Оплывая потом, официанты несли над головами запотевшие кружки с пивом, хрипло и с ненавистью кричали: «Виноват, гражданин!» Где-то в рупоре голос командовал: «Карский раз! Зубрик два! Фляки господарские!!» Тонкий голос уже не пел, а завывал: «Аллилуйя!» Грохот золотых тарелок в джазе иногда покрывал грохот посуды, которую судомойки по наклонной плоскости спускали в кухню. Словом, ад.
И было в полночь видение в аду. Вышел на веранду черноглазый красавец с кинжальной бородой, во фраке и царственным взором окинул свои владения. Говорили, говорили мистики, что было время, когда красавец не носил фрака, а был опоясан широким кожаным поясом, из-за которого торчали рукояти пистолетов, а его волосы воронова крыла были повязаны алым шелком, и плыл в Караибском море под его командой бриг под черным гробовым флагом с адамовой головой.

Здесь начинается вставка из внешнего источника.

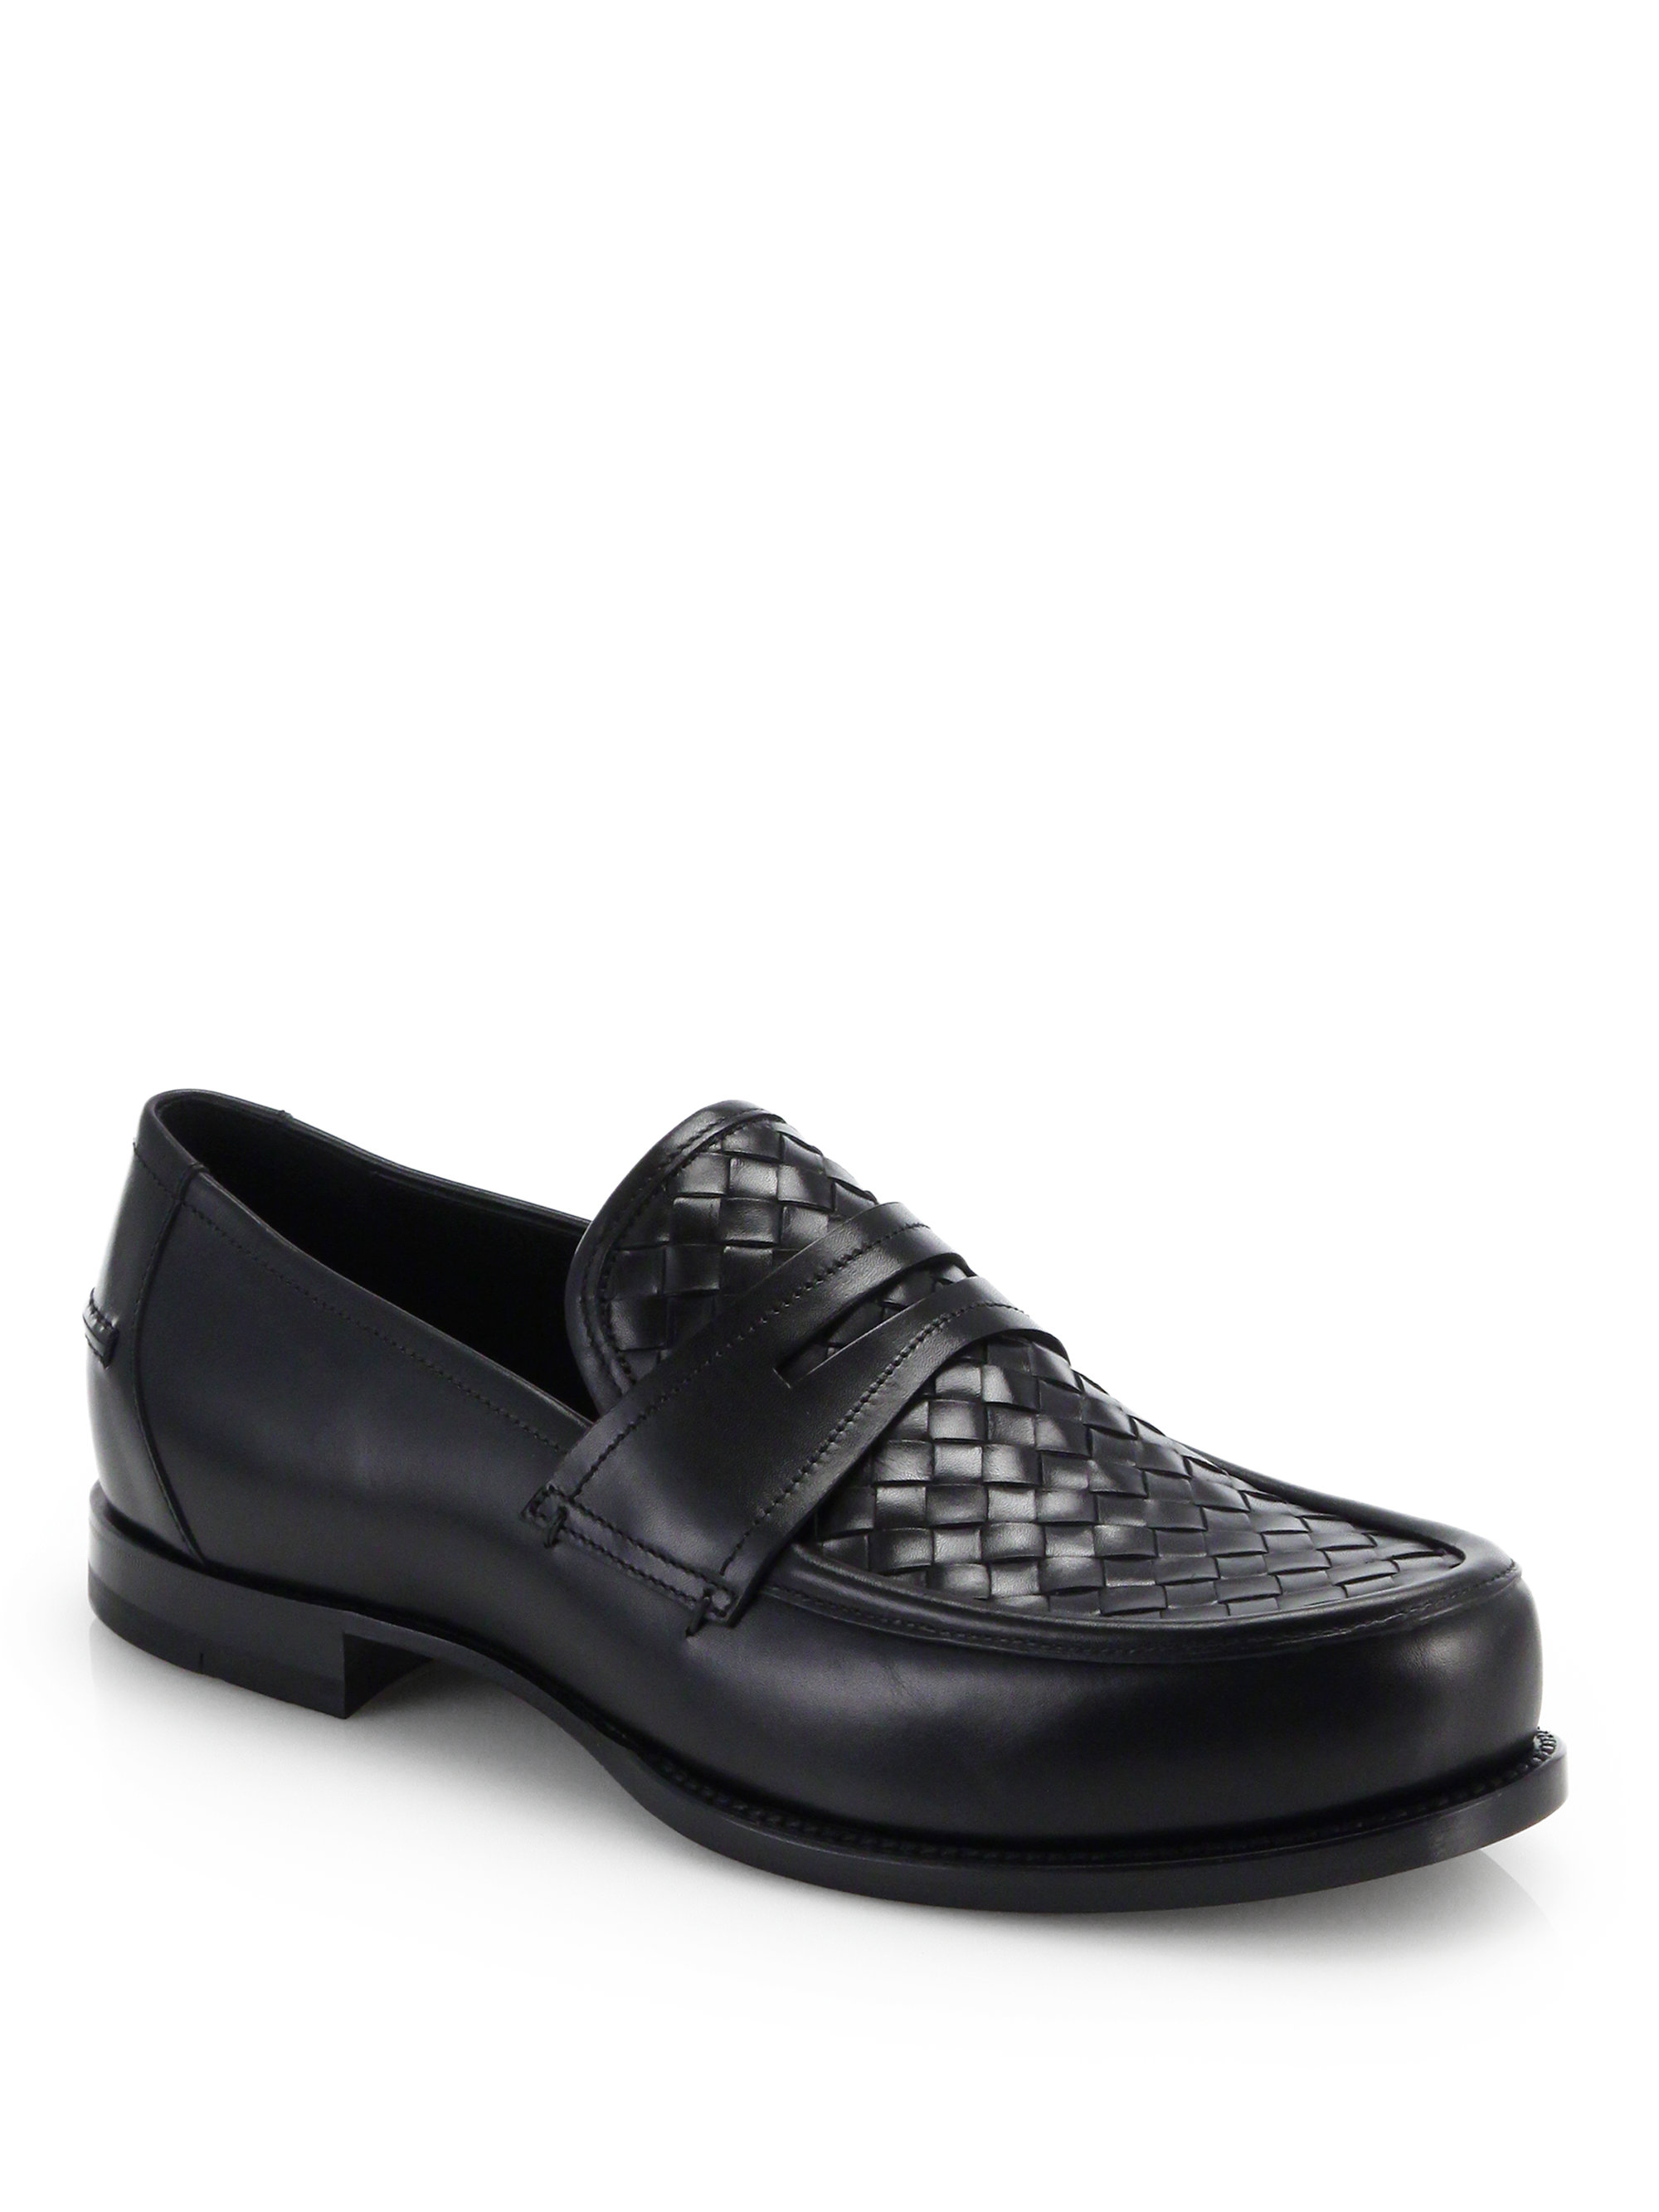 Bottega Veneta Intrecciato Loafers in Black for Men | Lyst

Но нет, нет! Лгут обольстители-мистики, никаких Караибских морей нет на свете, и не плывут в них отчаянные флибустьеры, и не гонится за ними корвет, не стелется над волною пушечный дым. Нет ничего, и ничего и не было! Вон чахлая липа есть, есть чугунная решетка и за ней бульвар… И плавится лед в вазочке, и видны за соседним столиком налитые кровью чьи-то бычьи глаза, и страшно, страшно… О боги, боги мои, яду мне, яду!..
И вдруг за столиком вспорхнуло слово: «Берлиоз!» Вдруг джаз развалился и затих, как будто кто-то хлопнул по нему кулаком. «Что, что, что, что?!!» – «Берлиоз!!!» И пошли вскакивать, пошли вскрикивать…

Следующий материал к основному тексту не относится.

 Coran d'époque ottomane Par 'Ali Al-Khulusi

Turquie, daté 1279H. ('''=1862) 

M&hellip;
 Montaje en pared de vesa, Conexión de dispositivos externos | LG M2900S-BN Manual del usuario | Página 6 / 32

Да, взметнулась волна горя при страшном известии о Михаиле Александровиче. Кто-то суетился, кричал, что необходимо сейчас же, тут же, не сходя с места, составить какую-то коллективную телеграмму и немедленно послать ее.
Но какую телеграмму, спросим мы, и куда? И зачем ее посылать? В самом деле, куда? И на что нужна какая бы то ни было телеграмма тому, чей расплющенный затылок сдавлен сейчас в резиновых руках прозектора, чью шею сейчас колет кривыми иглами профессор? Погиб он, и не нужна ему никакая телеграмма. Все кончено, не будем больше загружать телеграф.

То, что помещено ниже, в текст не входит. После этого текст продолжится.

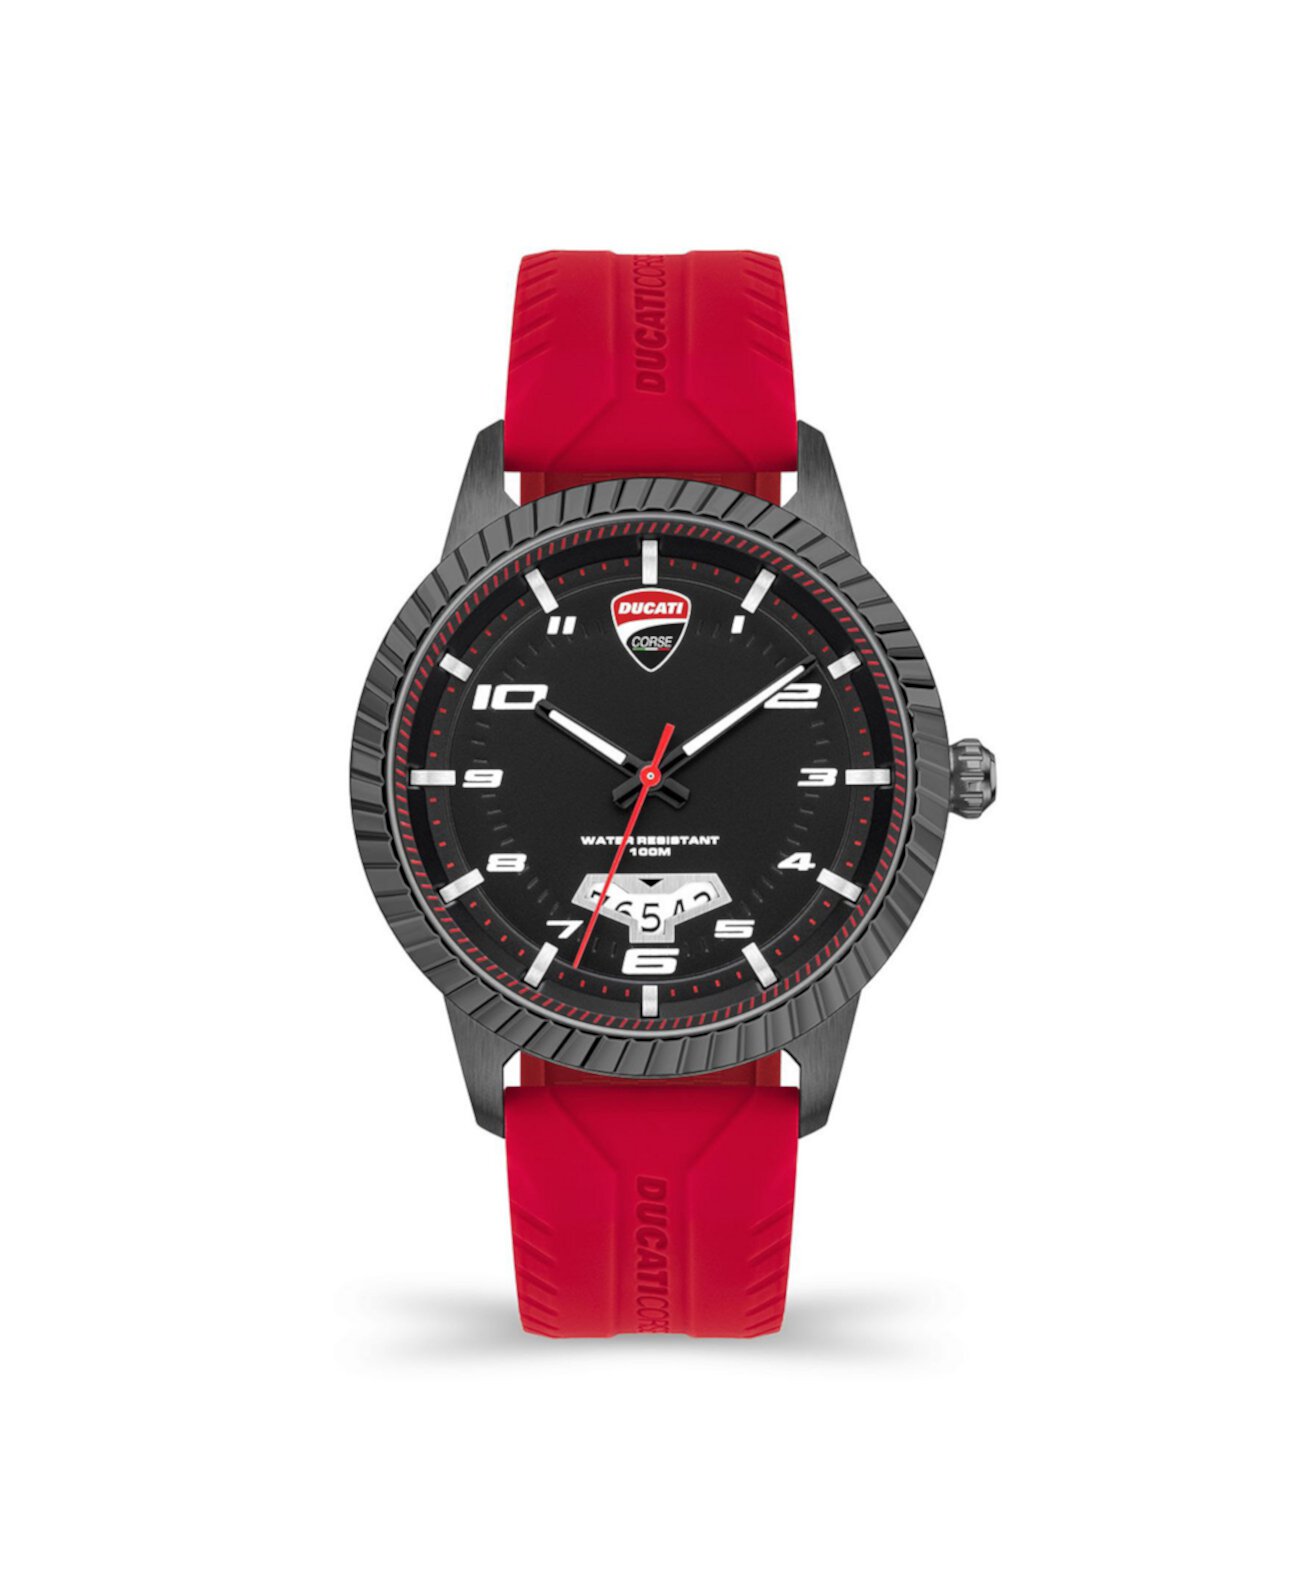 Мужские часы Podio Red с силиконовым ремешком, 44 мм Ducati Corse
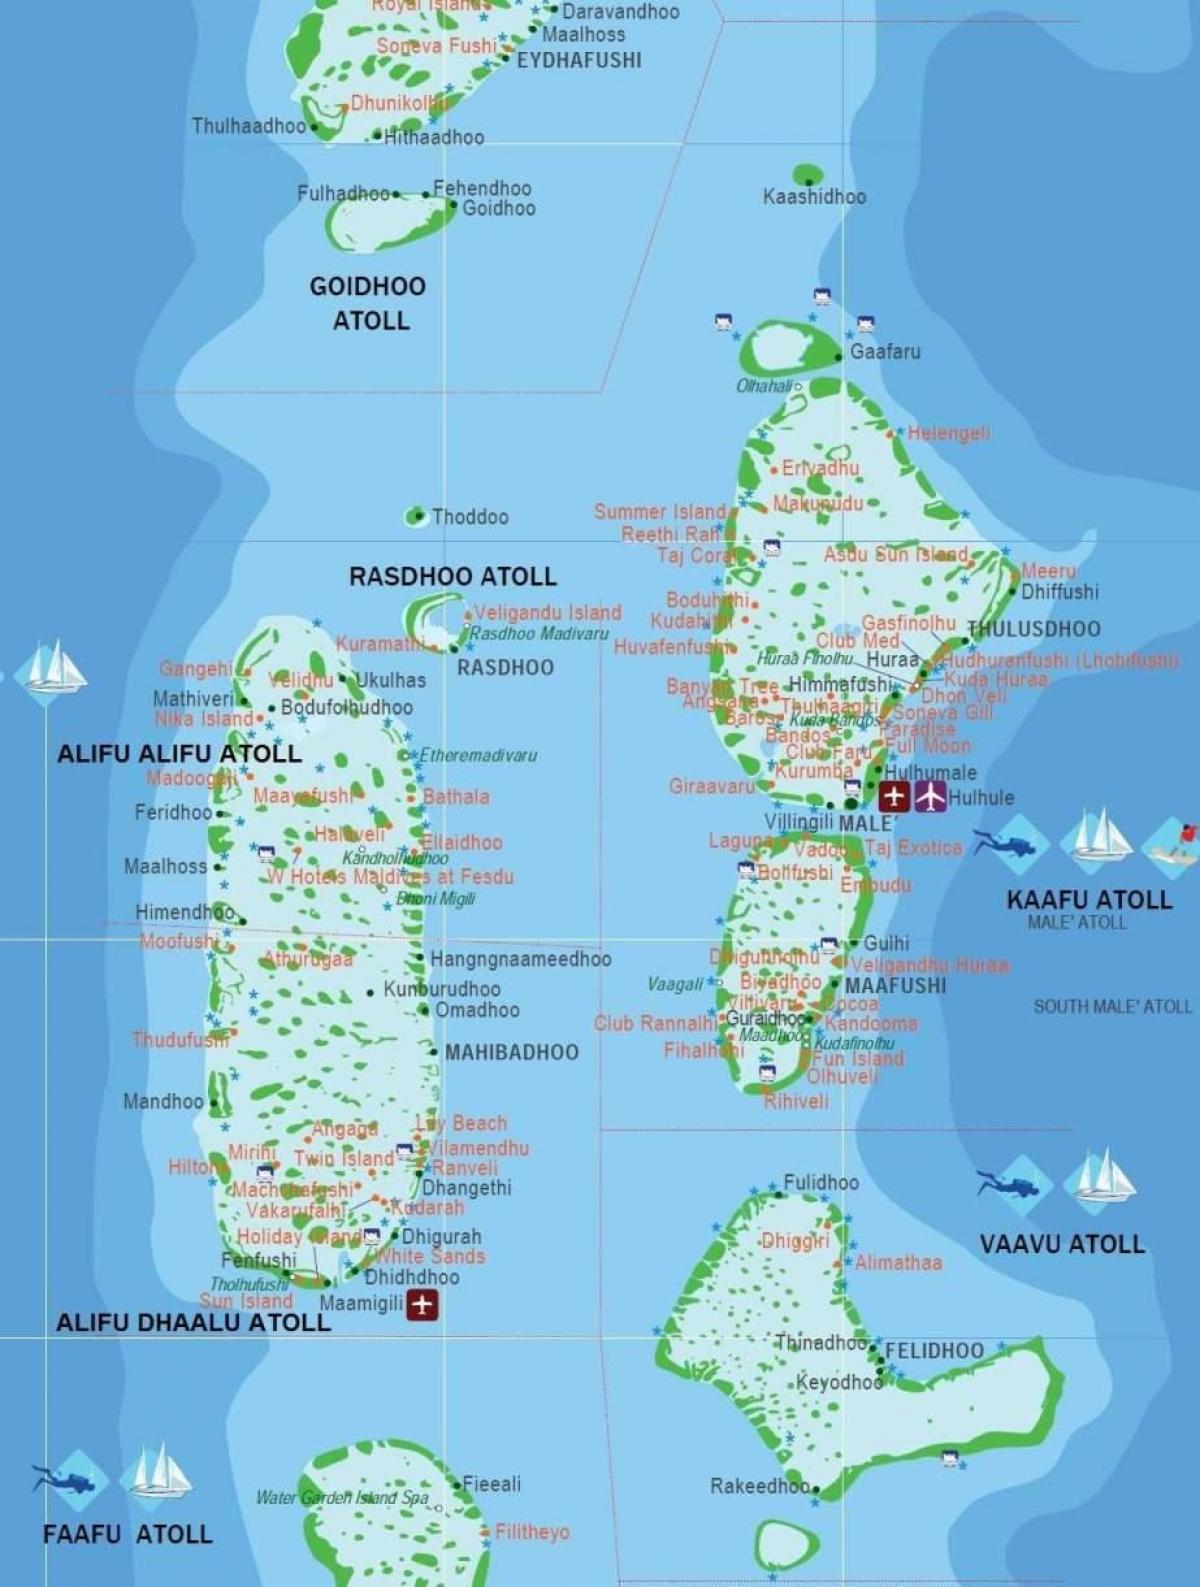 האיים המלדיביים במדינה מפת העולם

Да, погиб, погиб… Но мы-то ведь живы!
Да, взметнулась волна горя, но подержалась, подержалась и стала спадать, и кой-кто уже вернулся к своему столику и – сперва украдкой, а потом и в открытую – выпил водочки и закусил. В самом деле, не пропадать же куриным котлетам де-воляй? Чем мы поможем Михаилу Александровичу? Тем, что голодные останемся? Да ведь мы-то живы!
Натурально, рояль закрыли на ключ, джаз разошелся, несколько журналистов уехали в свои редакции писать некрологи. Стало известно, что приехал из морга Желдыбин. Он поместился в кабинете покойного наверху, и тут же прокатился слух, что он и будет замещать Берлиоза. Желдыбин вызвал к себе из ресторана всех двенадцать членов правления, и в срочно начавшемся в кабинете Берлиоза заседании приступили к обсуждению неотложных вопросов об убранстве колонного грибоедовского зала, о перевозе тела из морга в этот зал, об открытии доступа в него и о прочем, связанном с прискорбным событием.
А ресторан зажил своей обычной ночной жизнью и жил бы ею до закрытия, то есть до четырех часов утра, если бы не произошло нечто, уже совершенно из ряду вон выходящее и поразившее ресторанных гостей гораздо больше, чем известие о гибели Берлиоза.